+++ Extracted information +++

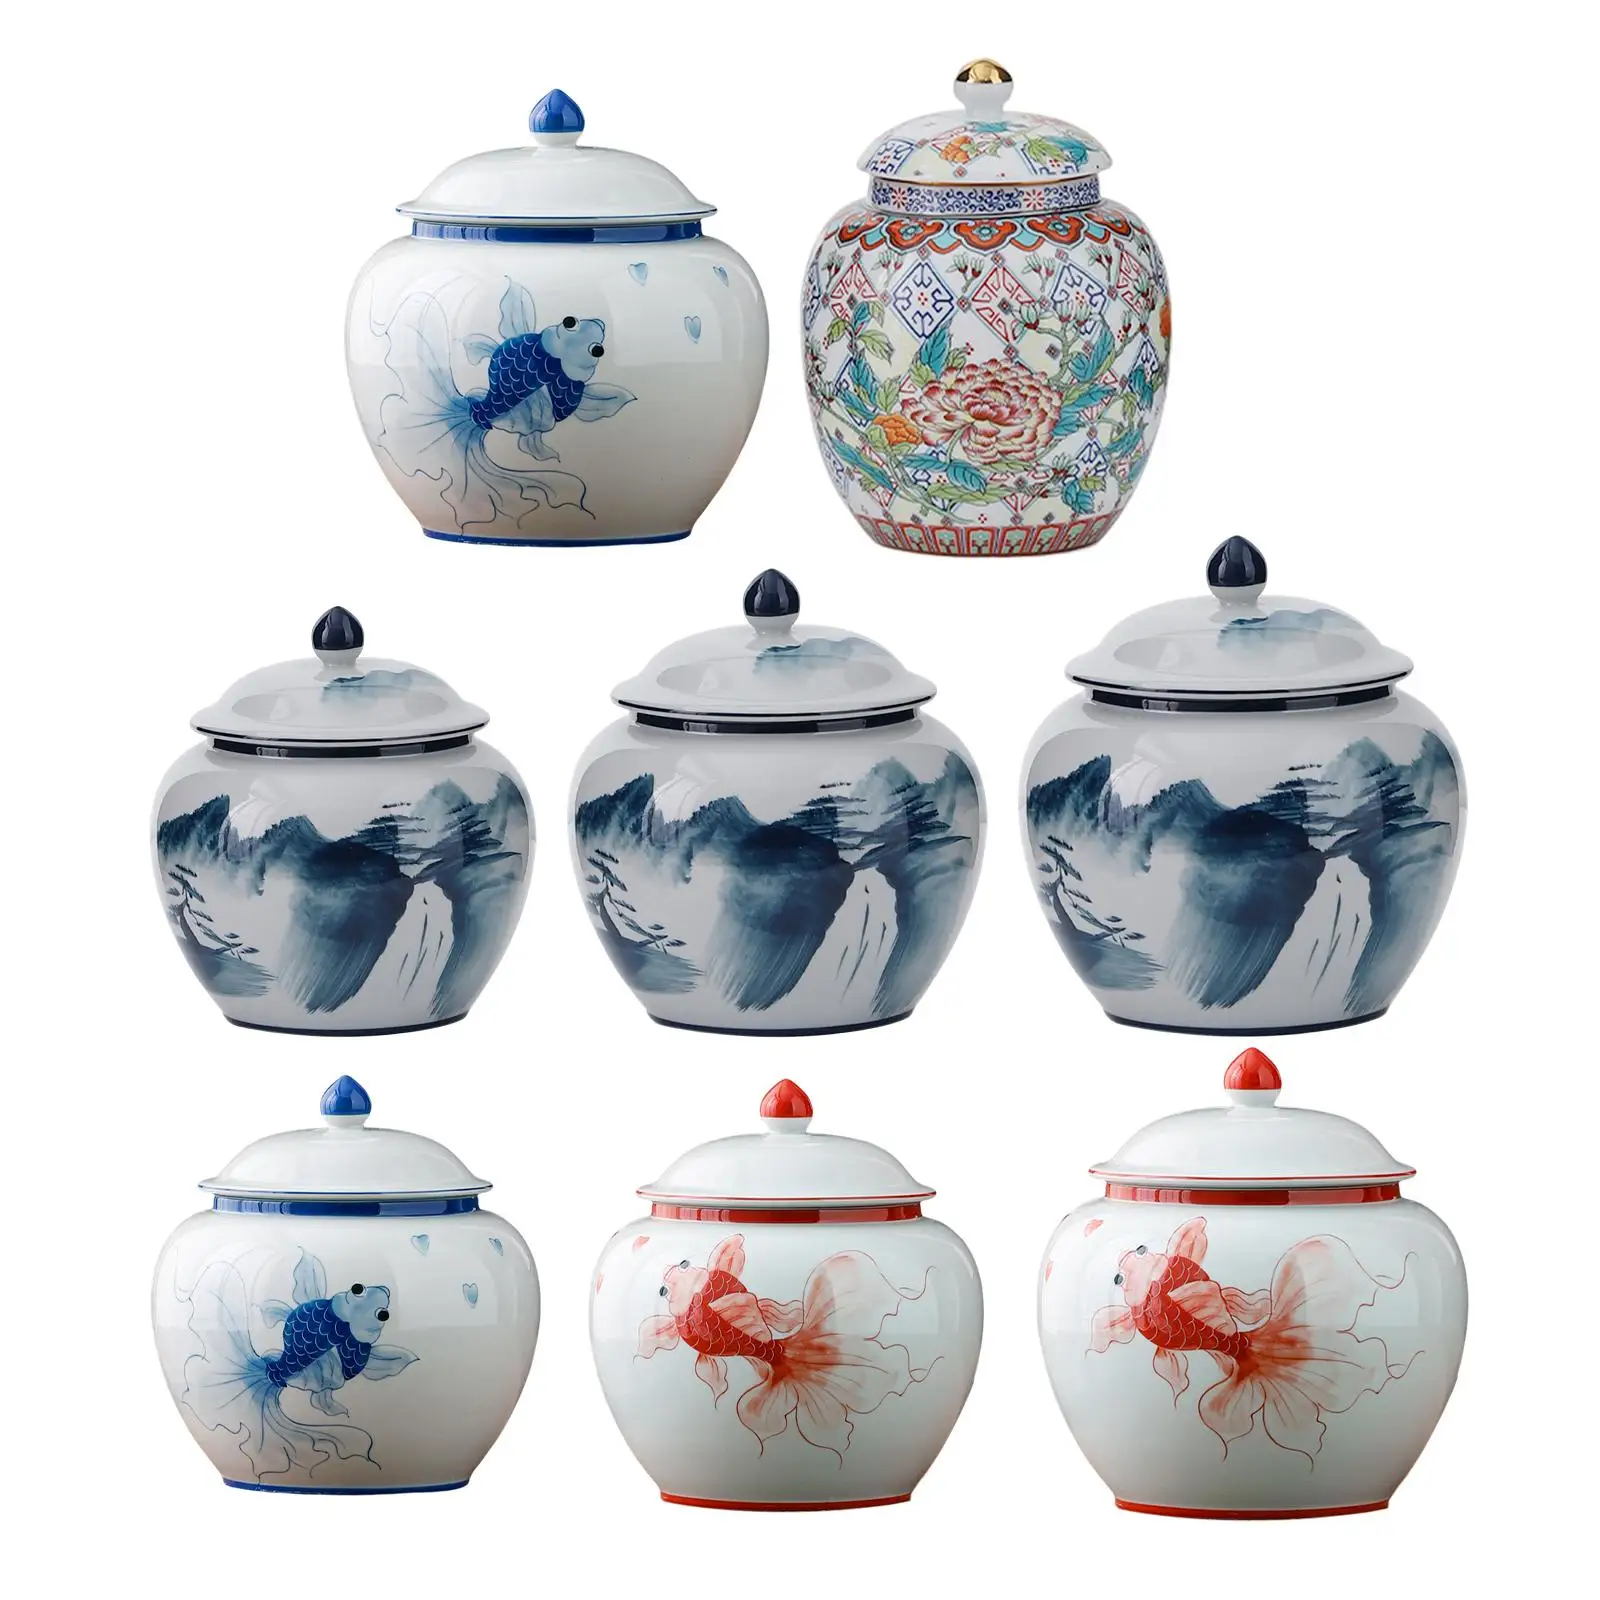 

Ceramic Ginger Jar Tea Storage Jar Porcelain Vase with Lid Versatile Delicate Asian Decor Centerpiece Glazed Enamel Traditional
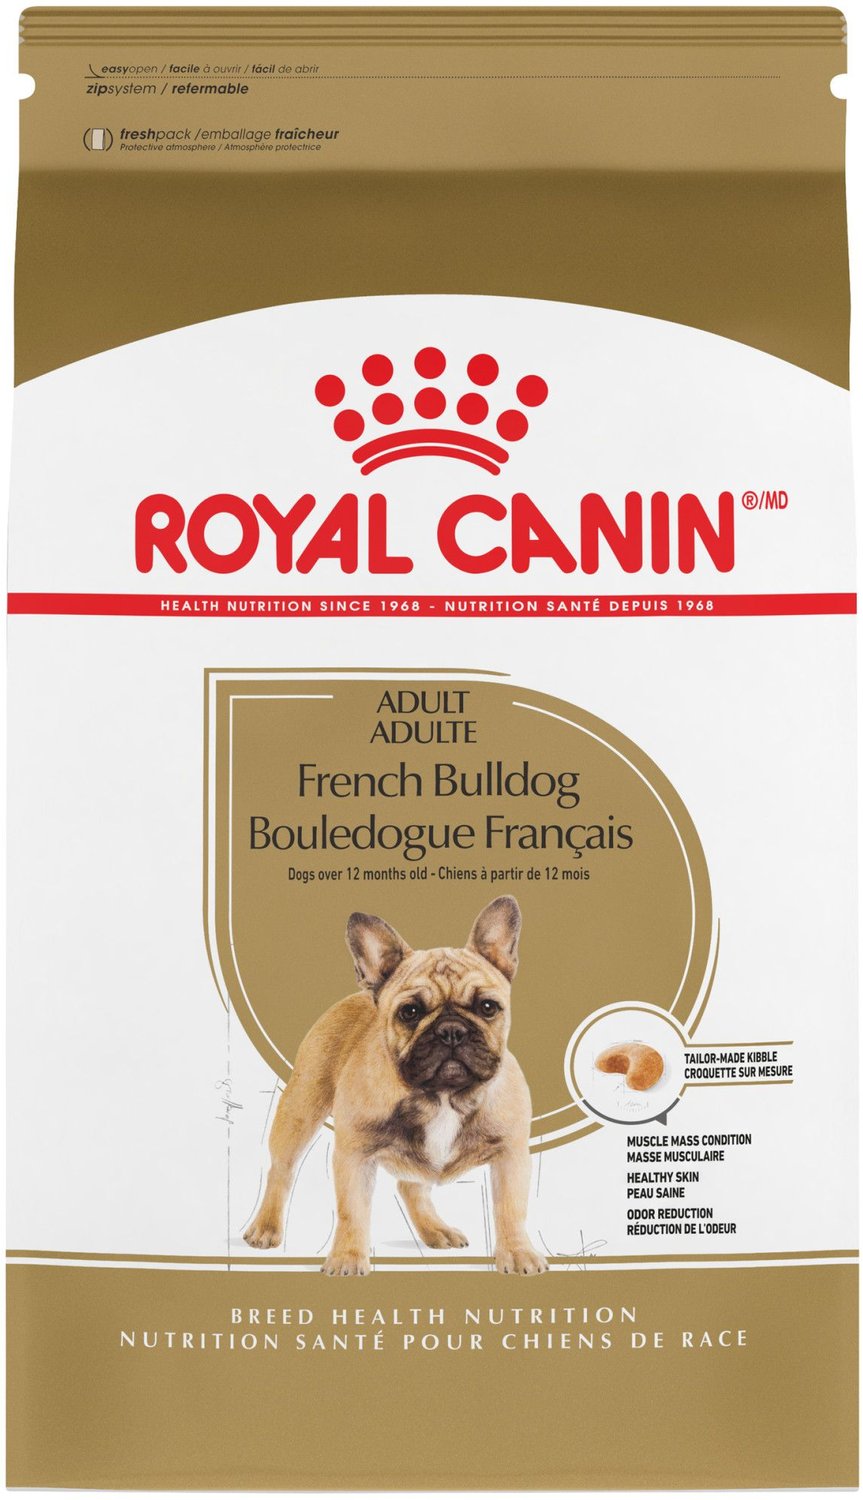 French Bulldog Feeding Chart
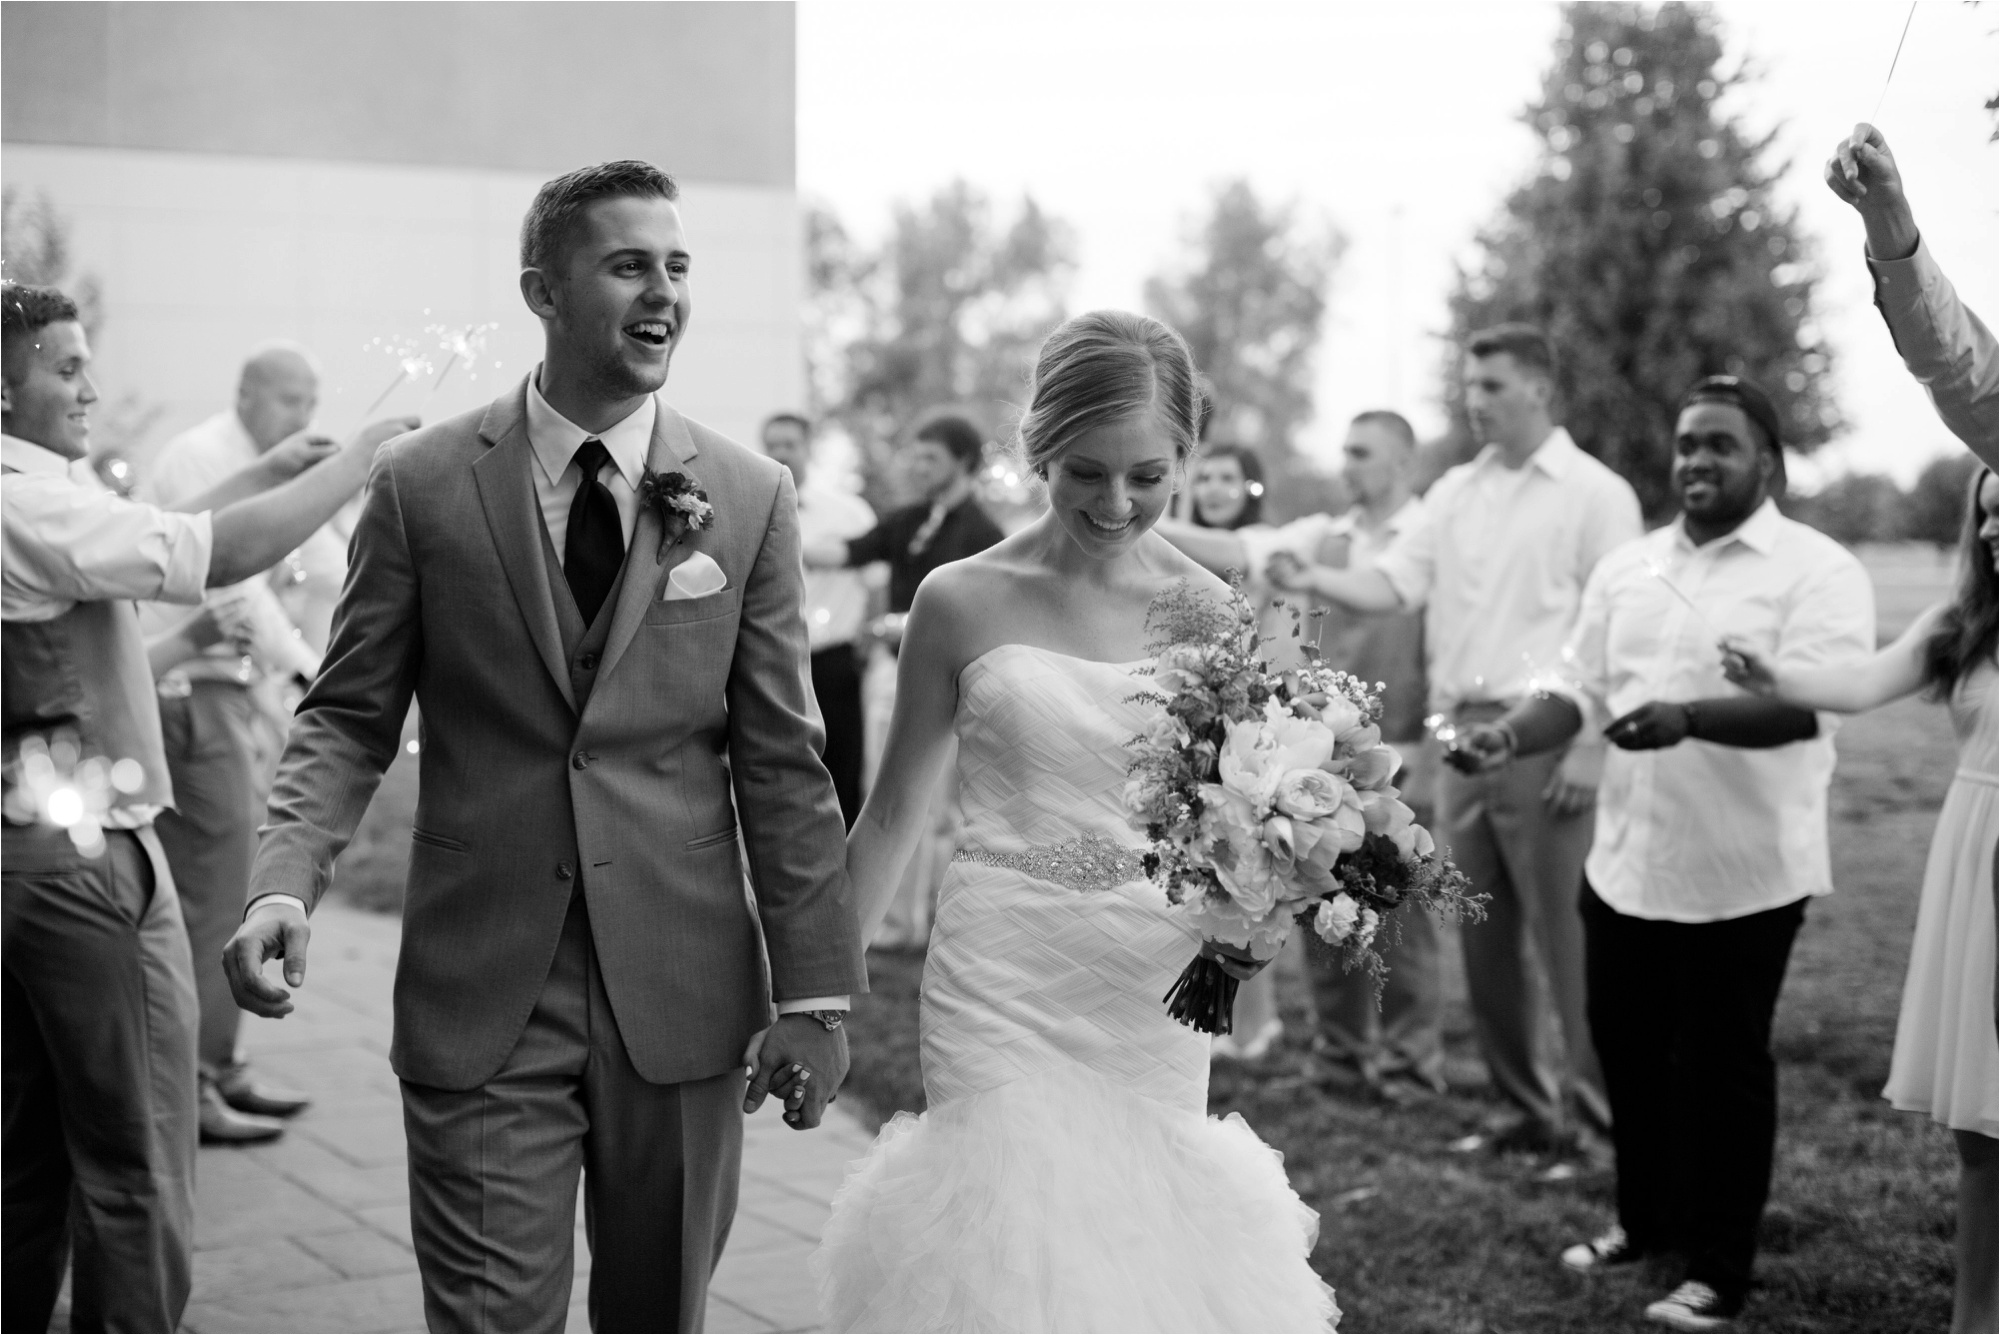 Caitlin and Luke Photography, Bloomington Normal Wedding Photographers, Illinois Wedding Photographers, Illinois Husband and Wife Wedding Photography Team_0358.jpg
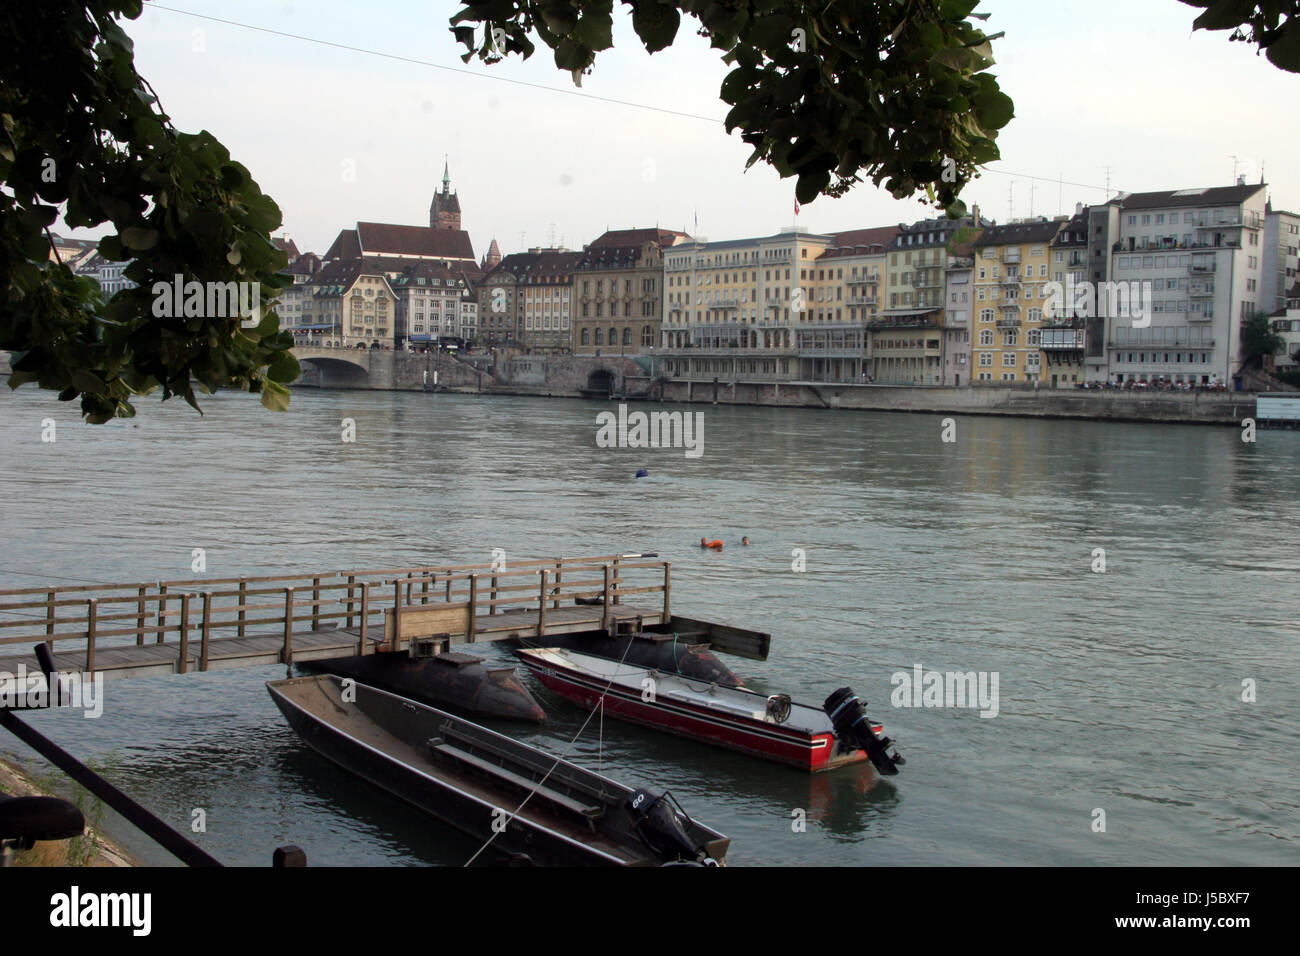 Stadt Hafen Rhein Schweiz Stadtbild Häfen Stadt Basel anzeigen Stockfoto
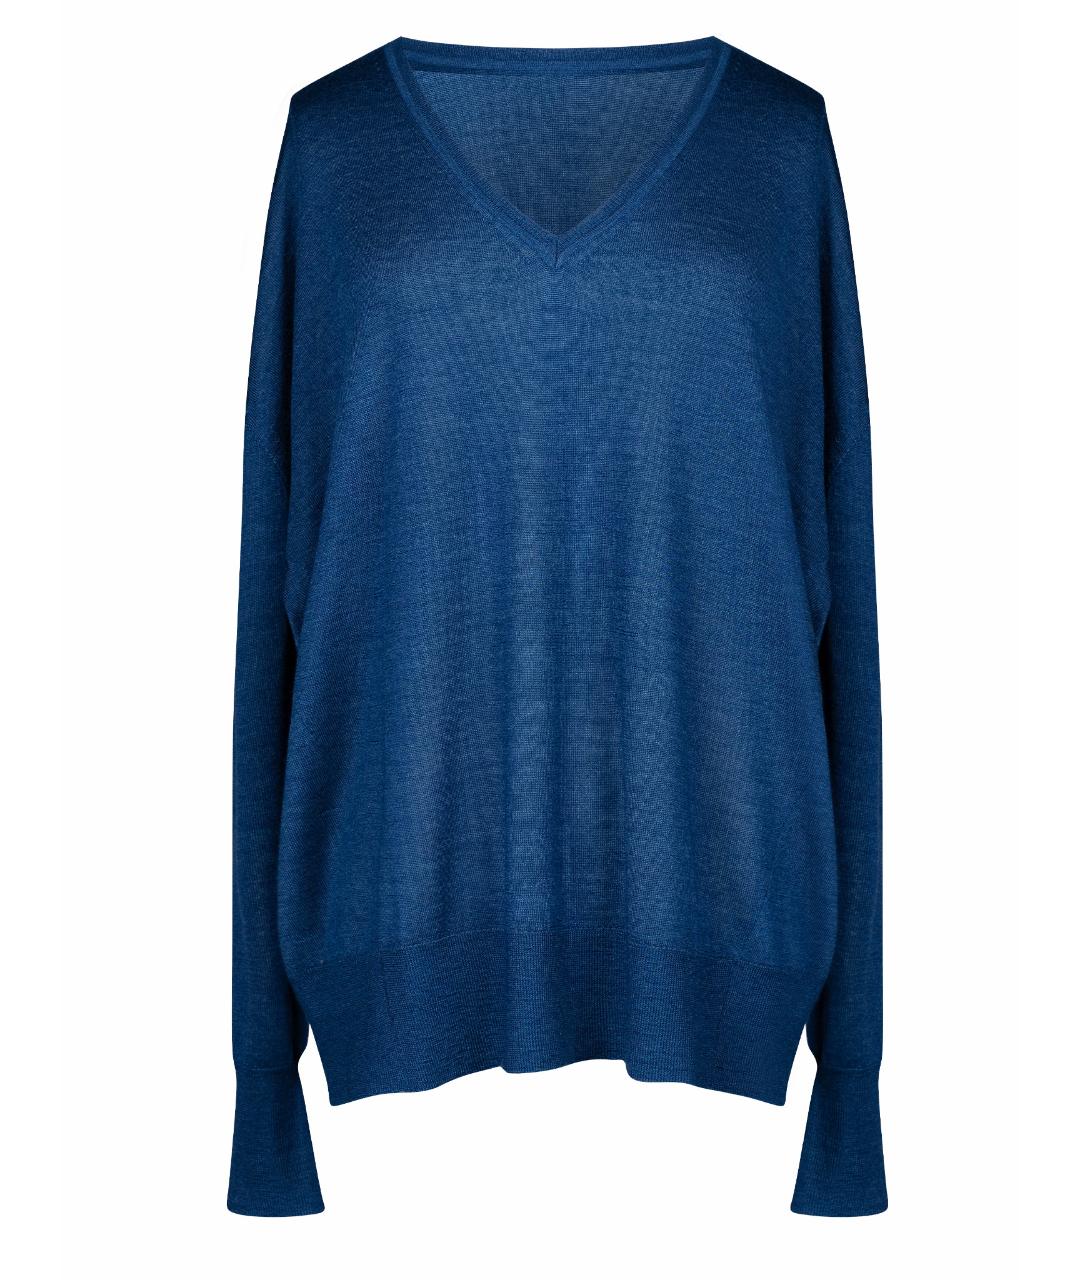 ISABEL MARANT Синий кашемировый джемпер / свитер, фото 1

+++

▶ [Required action]:
Reproduce only the lines of the records from the start up to and including the line that holds "Caitlin and Luke"; do not carry over any picture.

▶ [Result of this task]:
Ceramic Ginger Jar Tea Storage Jar Porcelain Vase with Lid Versatile Delicate Asian Decor Centerpiece Glazed Enamel Traditional
 French Bulldog Feeding Chart
 Caitlin and Luke Photography, Bloomington Normal Wedding Photographers, Illinois Wedding Photographers, Illinois Husband and Wife Wedding Photography Team_0358.jpg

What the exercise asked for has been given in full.